As it happens, his second wife, actress Isla Blair, got
pregnant almost immediately after they married. Their son, Jamie, is also an
actor. So how did Atkins react to the prospect of being childless? “To be
honest, I hadn’t got married wanting children and my career was then beginning
to show signs of possibility.”
She and Julian applied to adopt; “It was what everyone did
then. What’s more, we both had to agree that, if it came to it, we’d be happy
to have ‘a child of colour’, as they were called then.
“We lived in a flat on the top floor of a large house and
there was no intercom. One day, the doorbell rang so I went downstairs and
opened the front door. On the step was a baby in a cradle, a little black baby.
“I stood and stared
at it and my only thought was: ‘They’ve delivered our baby.’ And the feeling
that swept over me was as if the blood was running out of the ends of my
fingers.
“I remember thinking: ‘This is your life now, looking after
this baby for the next 20 years.’ And then a woman appeared from the basement.
She’d left the baby on the doorstep while she went downstairs to collect more
things and she’d rung the doorbell so someone would keep an eye on it until she
got back.
It was only when I turned 80 that I began to realise the
point of grandchildren
“I’m not a particularly spiritual person but I knew that
moment was sent to me. It was a sign. The only thought running through my head
was that I had to tell Julian I couldn’t ever adopt. And when I did, his
instant reaction was: ‘Thank God, neither can I.’ As it turns out, Jamie is like
my godson, a wonderful addition to my life.”
Divorced at 29, Atkins didn’t marry again until she was 43.
“And there was no way I’d have chosen to be a single mother in the meantime.
Anyway, I was having a high old time.”
So were there many illicit liaisons? “Well, there were some.
It would have been odd if there weren’t.

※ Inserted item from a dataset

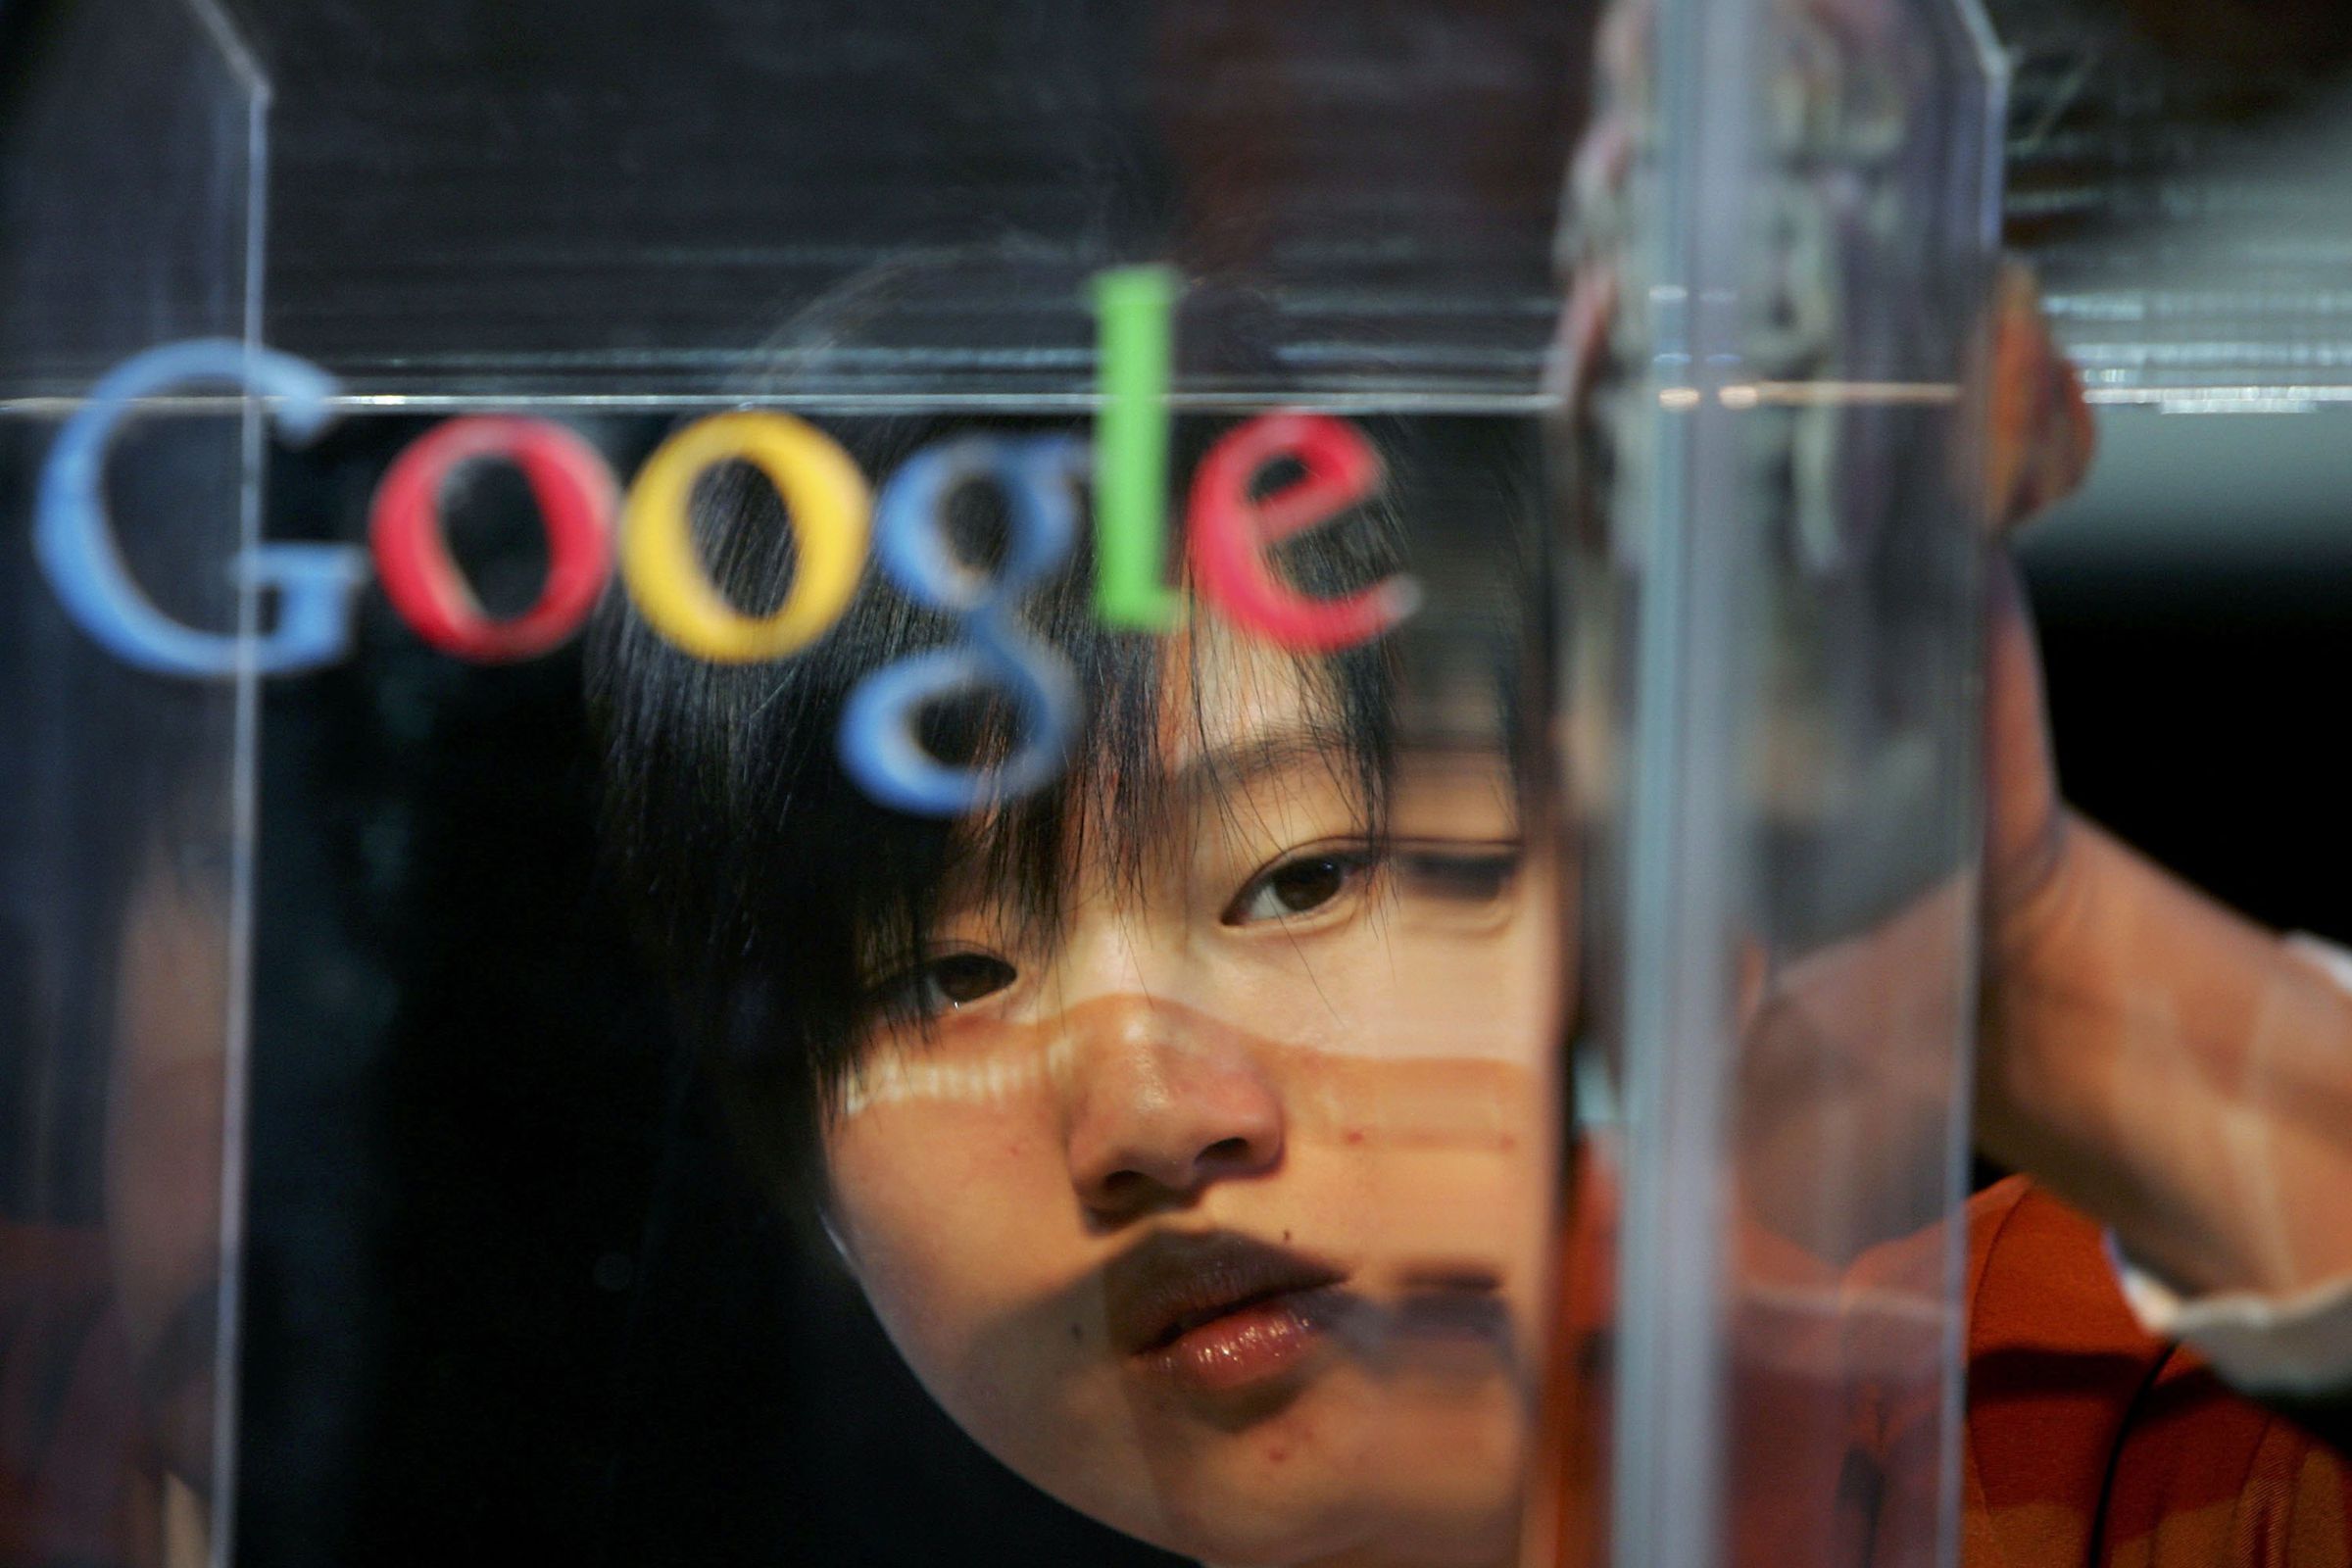 Google Announce New Brand Name 'Gu Ge' In Beijing

As it happens, I’ve been reading
Artemis Cooper’s biography of Elizabeth Jane Howard and she had lots and lots
of affairs. It’s made me feel quite virginal by comparison.”
EILEEN ATKINS
"I believe I was put on this planet to act"

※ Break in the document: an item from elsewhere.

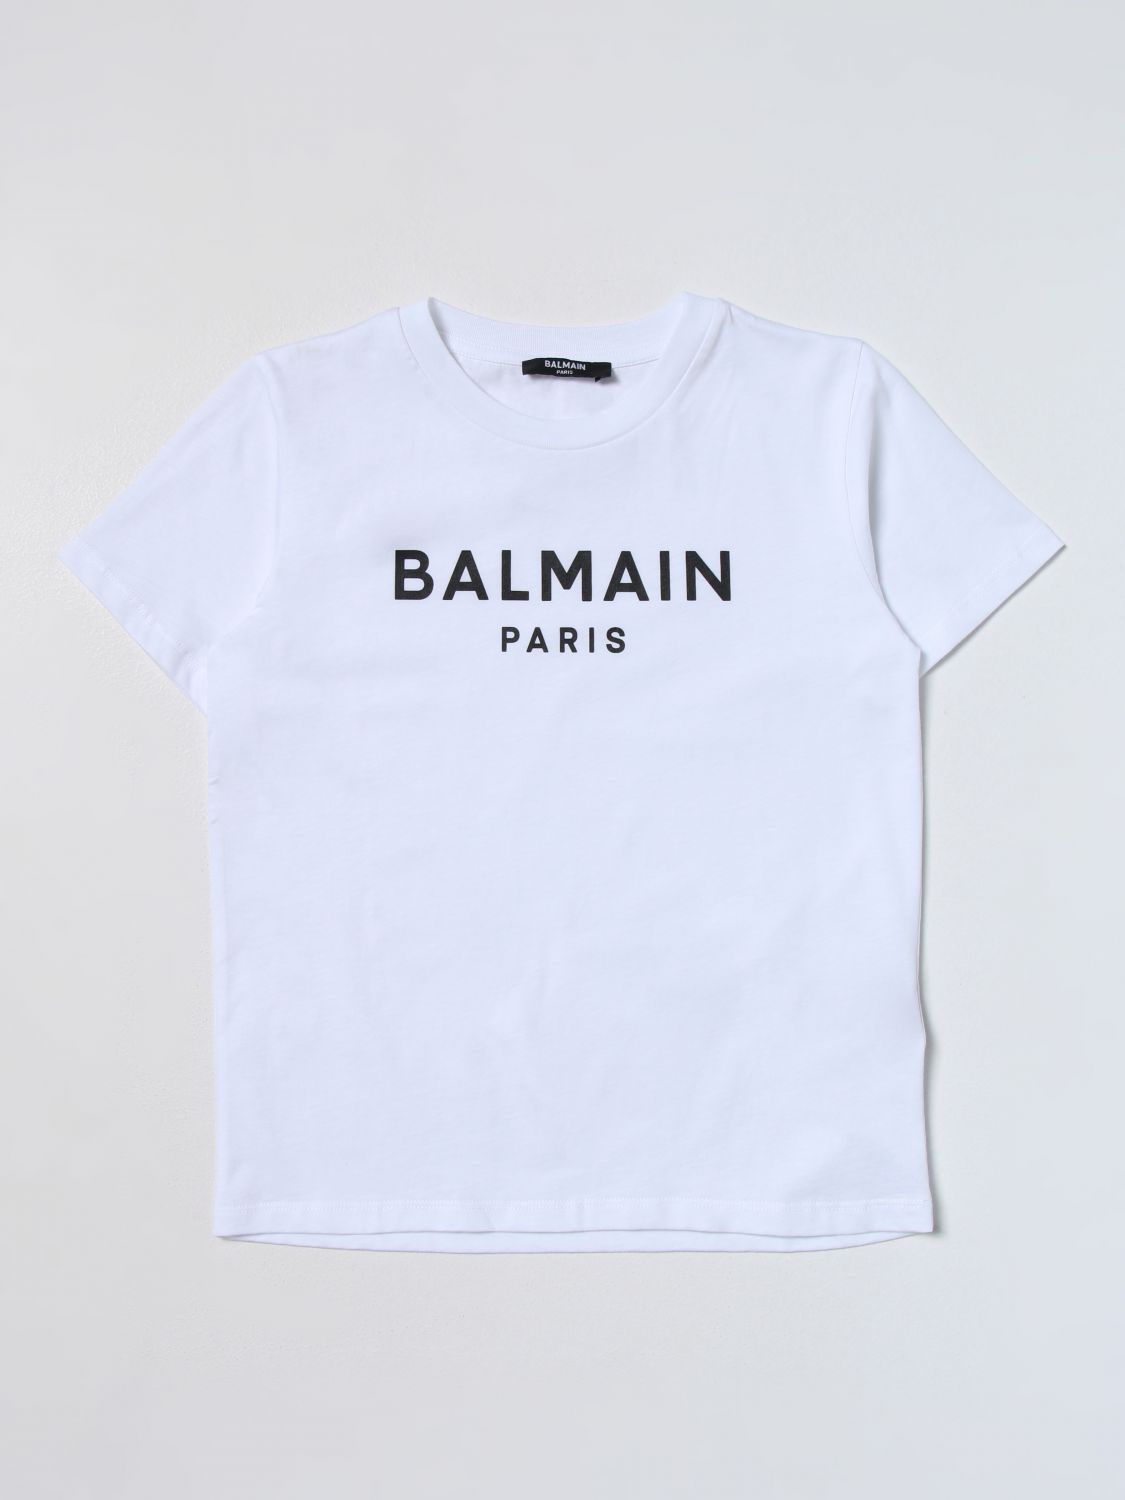 BALMAIN T-SHIRT BALMAIN KIDS KIDS COLOR WHITE,E51166001

Bill Shepherd was nine years Eileen’s junior, unmarried and
without children, when they met. “I said to him early on that I was getting a
bit old for motherhood and anyway I didn’t really want a child. But then nor
did he.
“I’ll never forget Miriam Stoppard saying to me when I was
about 50: ‘It’s a terrible thing not to have children. But I can help you.’ I
said: ‘Miriam, please, I’m OK.’ I don’t want to sound like Edith Piaf but being
childless has never been a matter of regret.
“I believe I was put on this planet to act and it’s given me
huge fulfilment. I feel I’ve realised my destiny and I’ve had a very, very good
time doing it.
Atkins believes “people look down their noses at the word
‘ambition’ – and especially when applied to women. But I was ambitious and I
don’t see anything wrong in that. I know some people feel you’re not quite a
woman if you’re ambitious. Not me.”
And she’s happy? “No, I’m content and I think contentment is
rather underrated. I’m content to be an old woman. I’m vastly lucky that I can
still work. And that makes me content, too.
“Mark you, I’m thinking of putting a contract out on Angela
Lansbury. Still acting at 91? Utterly ridiculous!”